* [Requirement]
Leave out the pictures and repeat the data exactly.

* [Recorded information]
=== Section Start ===

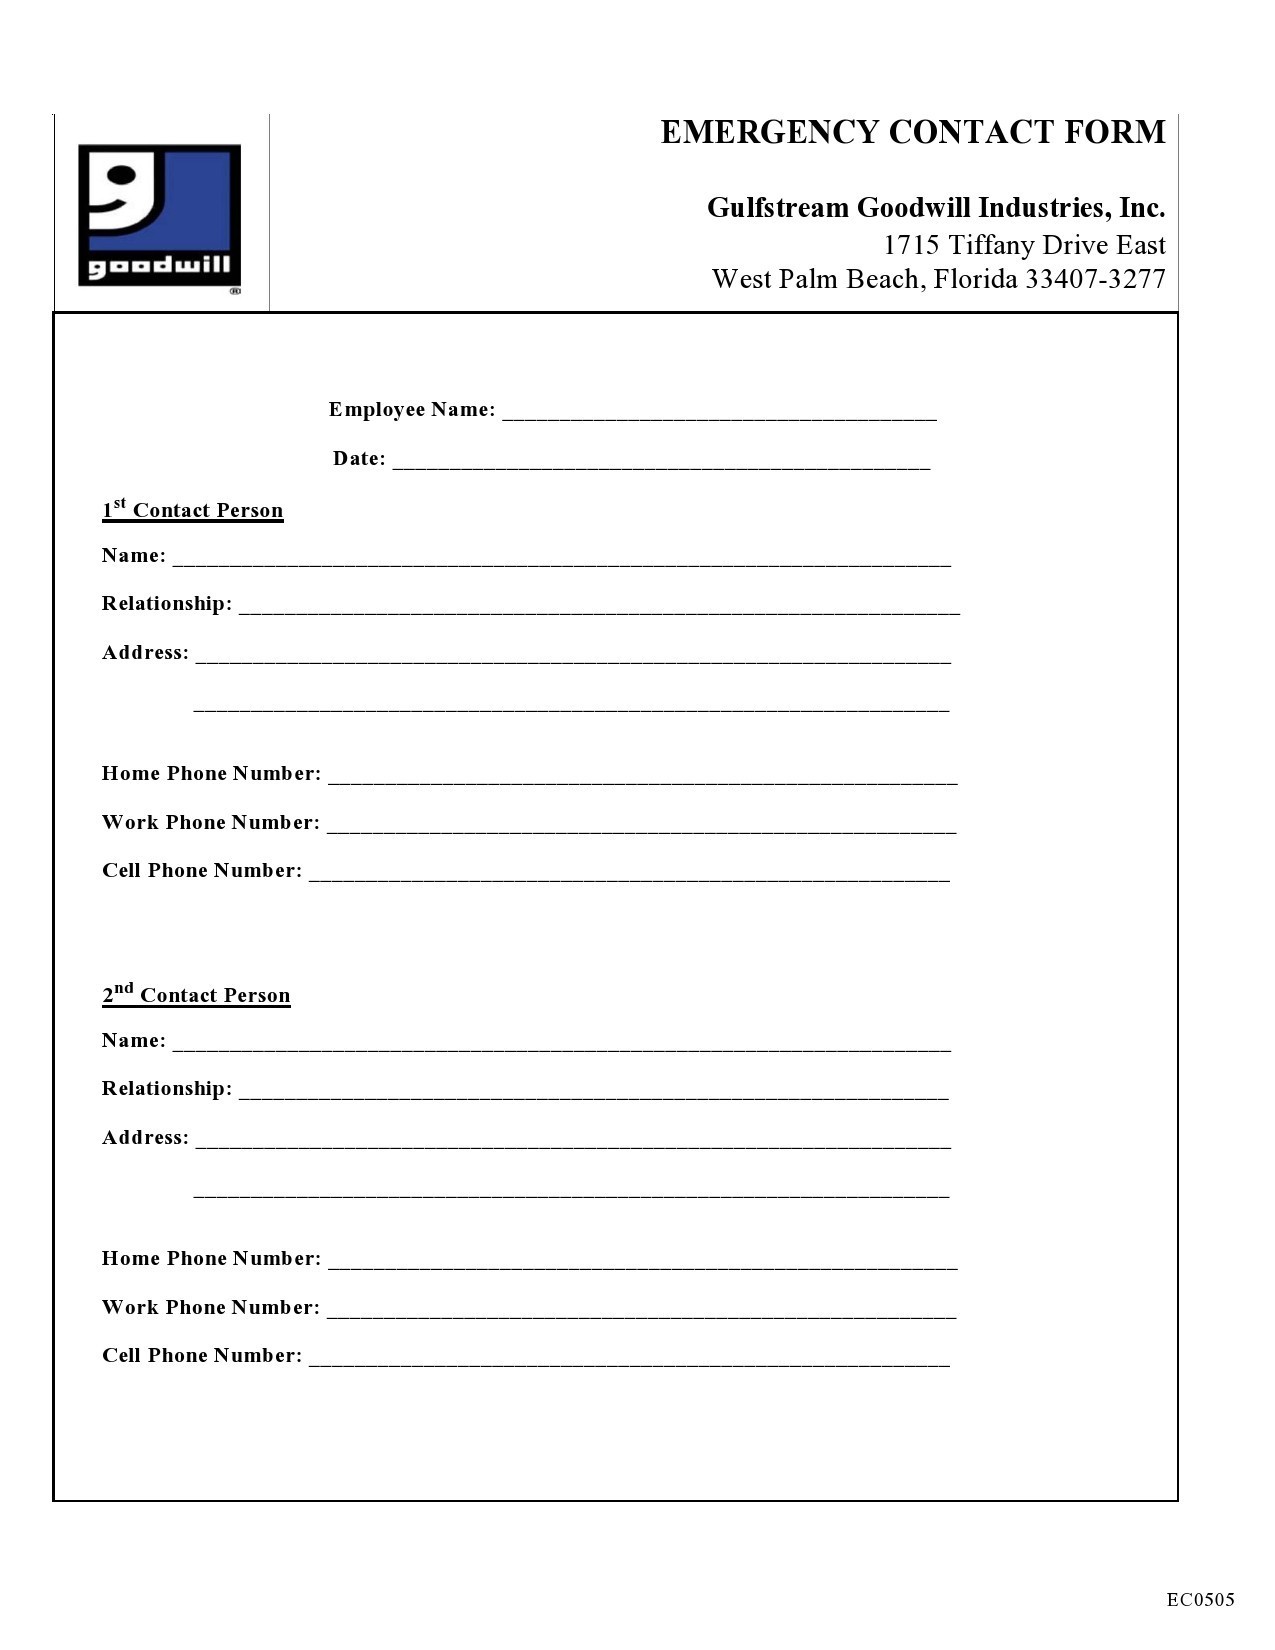 Free emergency contact form 27
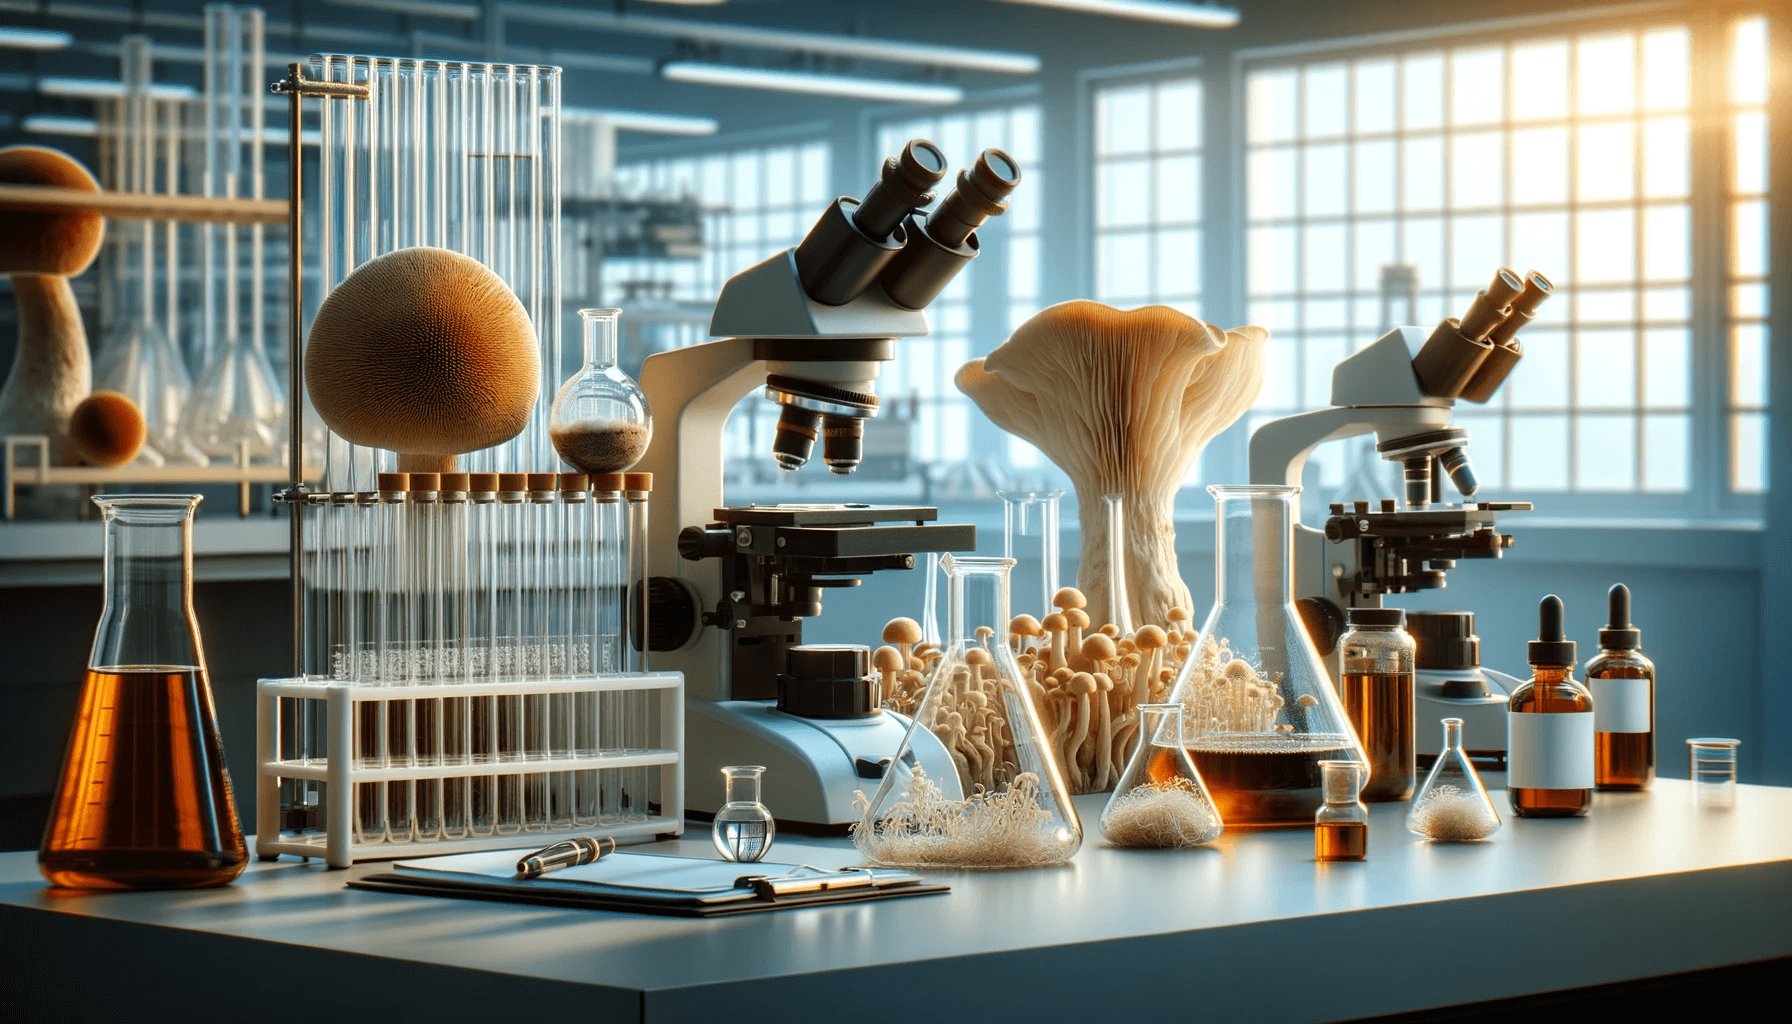 A laboratory setting with scientific equipment showcasing the process of extracting Lion's Mane Mushroom Extract. The scene includes beakers, flasks, and other scientific apparatus.
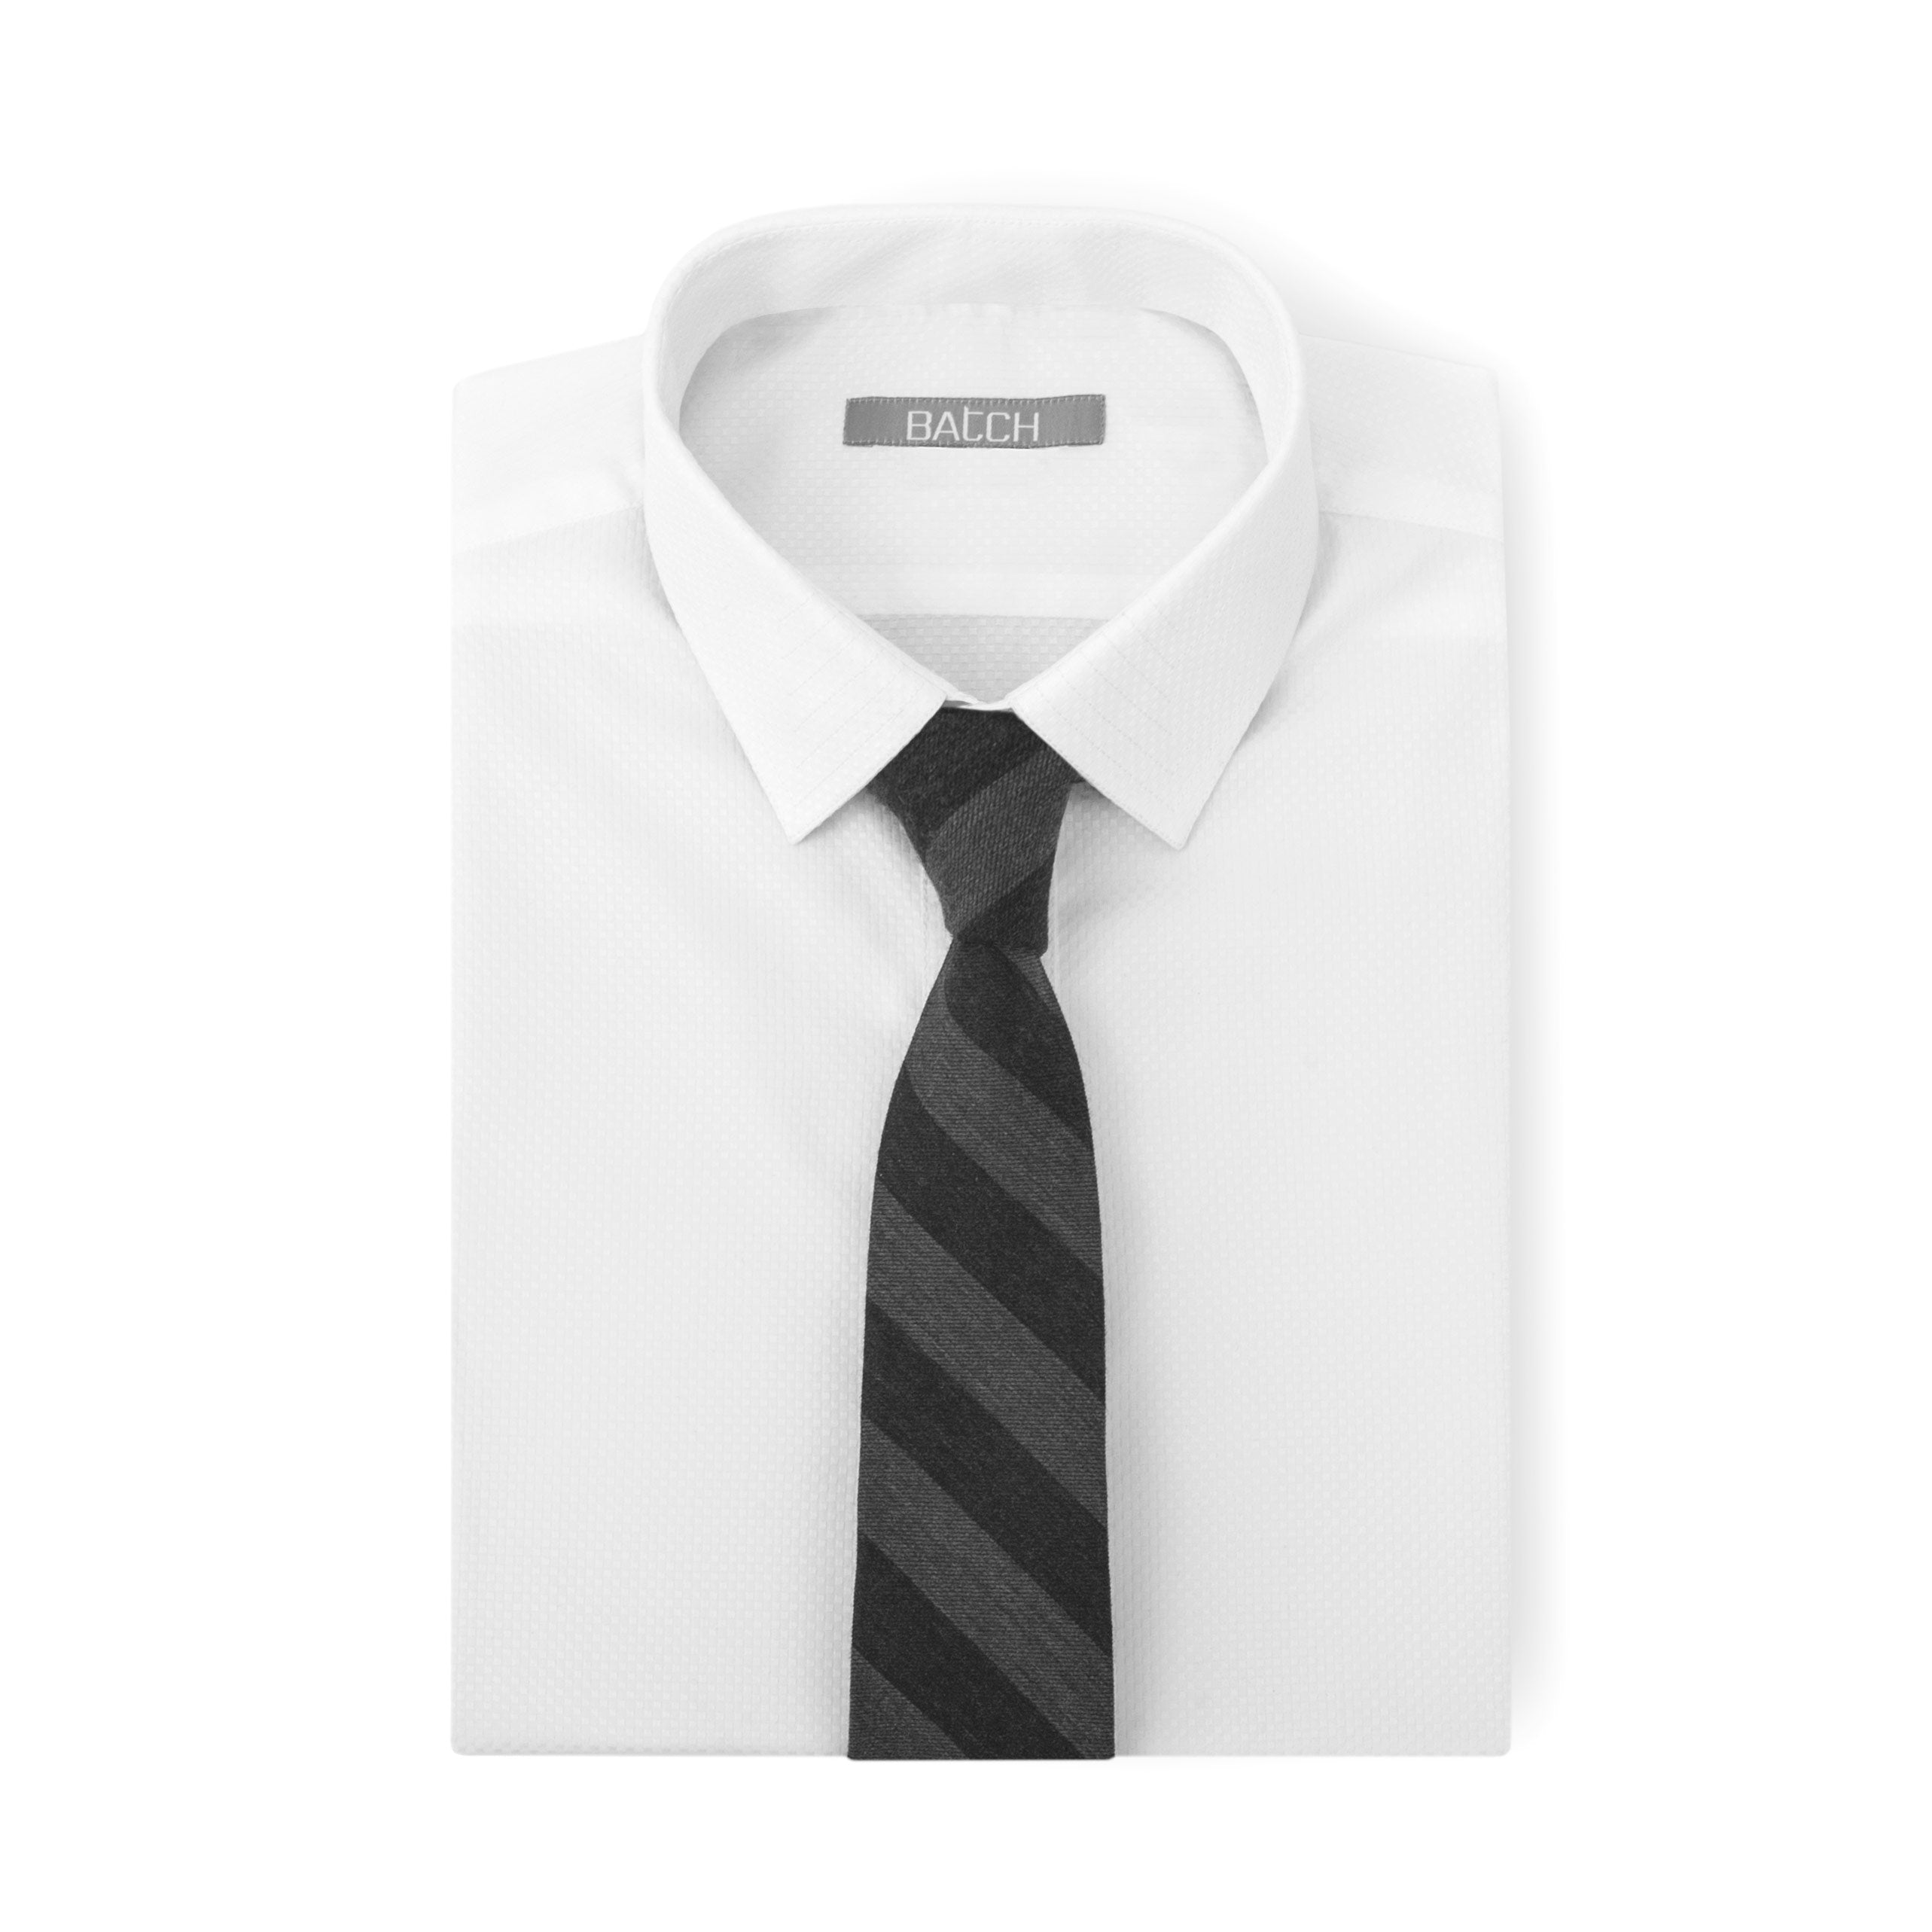 Arctic White Shirt with Tie
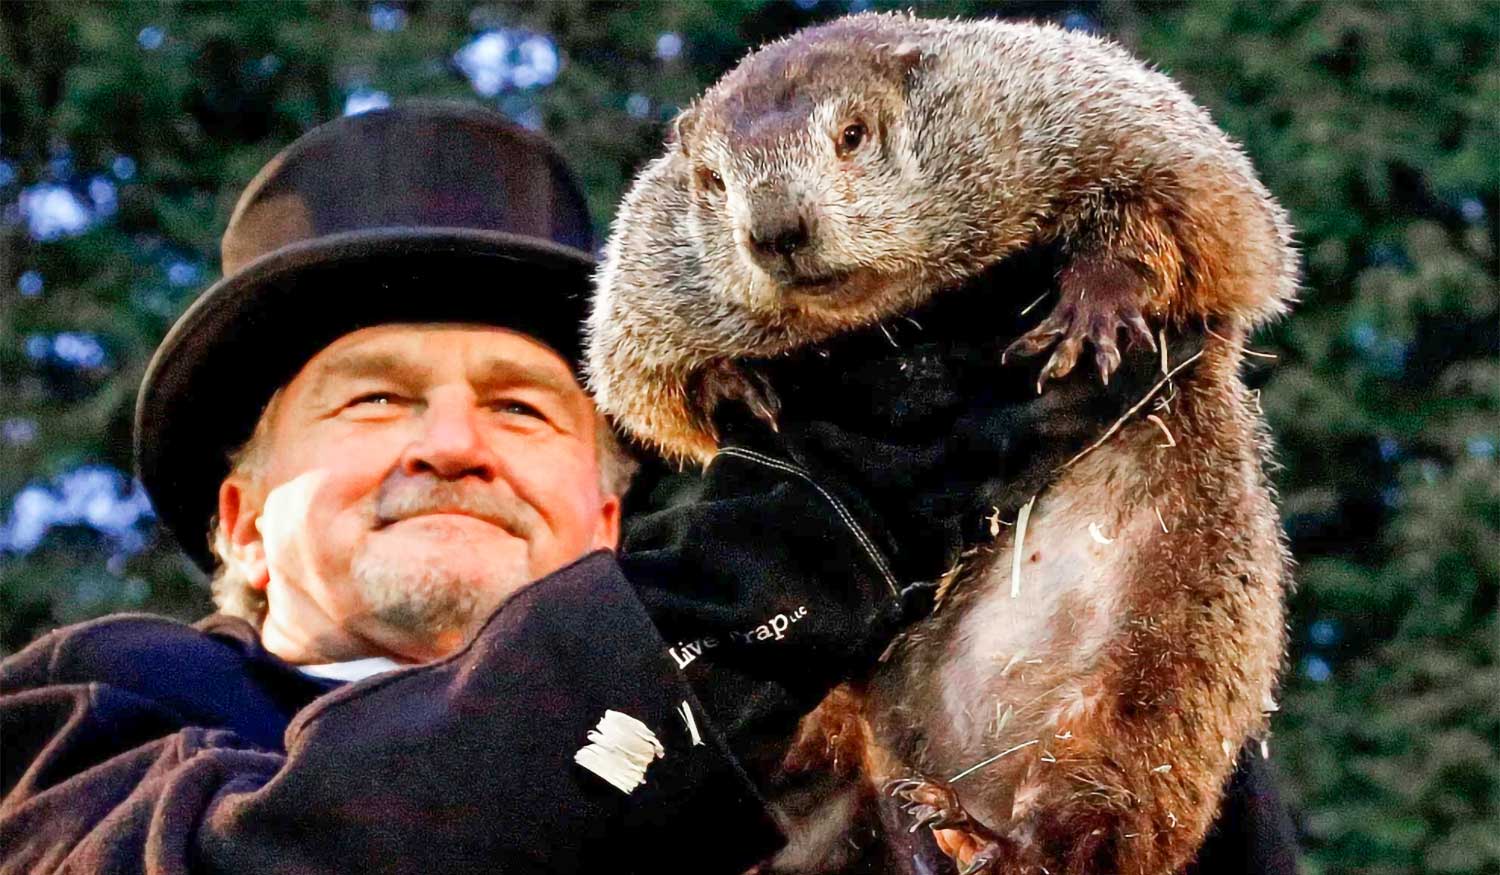 Groundhog Day is a sort of "tongue in cheek" celebration for the coming of spring, where the groundhog does - or doesn't - "see his shadow". So what is so important about a shadow? Read on.

=== Section End ===

* [Expected output]
 Free emergency contact form 27
 A laboratory setting with scientific equipment showcasing the process of extracting Lion's Mane Mushroom Extract. The scene includes beakers, flasks, and other scientific apparatus.
 Arctic White Shirt with Tie
 Groundhog Day is a sort of "tongue in cheek" celebration for the coming of spring, where the groundhog does - or doesn't - "see his shadow". So what is so important about a shadow? Read on.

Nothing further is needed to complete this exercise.